You have given me an idea :-)
(For a side project I'm working on zero-knowledge proofs of execution, which allows nodes to execute code on behalf of other nodes without the latter having to trust the former. Performance is far too slow to run things like websites at the moment, but there are many tricks for speeding it up, including hardware acceleration.)
No, it wouldn't, that's a misconception. The Perl system I described ran fine on however many servers you wanted to run it on, like any horizontal scaling system. Pretty much anything that runs in a container and isn't required to communicate with a central database does. The design based around indexing files and caching calculations is effectively stateless; it scales without limit if you have the servers.
Any specific points of global data consistency require communication with a shared data store of some kind, but that's also true in Cloudflare workers, where there's a separate Durable Objects system for that. Cloudflare's Durable Objects is pretty good as those things go, but that's not what your comment was about.
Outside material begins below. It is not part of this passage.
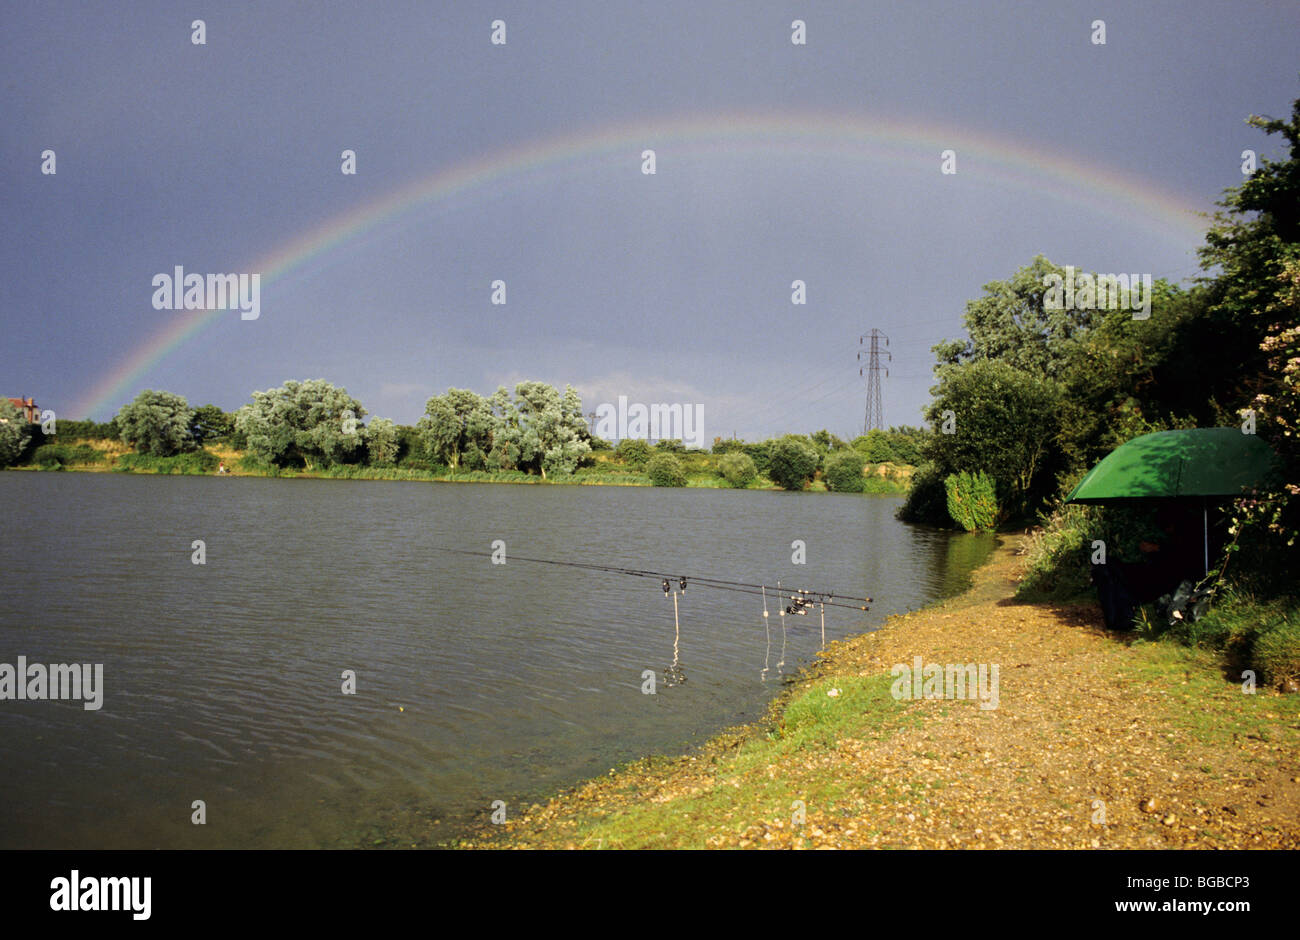 Rainbow over a lake - Stock Image

What's impossible for most is paying the cost of hundreds of locations. And if you really want to do it well, anycast IP blocks. But if you have the servers, and don't need every request to fetch from a central database (or can use an eventually consistent distributed one), there's no problem deploying as many instances as you want with something that's effectively stateless, even if it's Perl, Python or PHP.
> what usually happen is that the scripting language creep start getting bigger and bigger until it's unmanageable.
Probably right, but I'm curious why you think there won't be equivalent JavaScript creep in sites using CloudFlare Workers.
I think users are (rightfully) distrustful of URLs in the general case, but a URL having a file extension is actually a pretty good indication that it's a simple "does what it says on the tin". (Imgur changing their .jpg URLs to have more complex behaviour caused a pretty big backlash, for example)
In the latter case you could use redis, but that’s a poor, inconvenient, inefficient replacement for a global variable.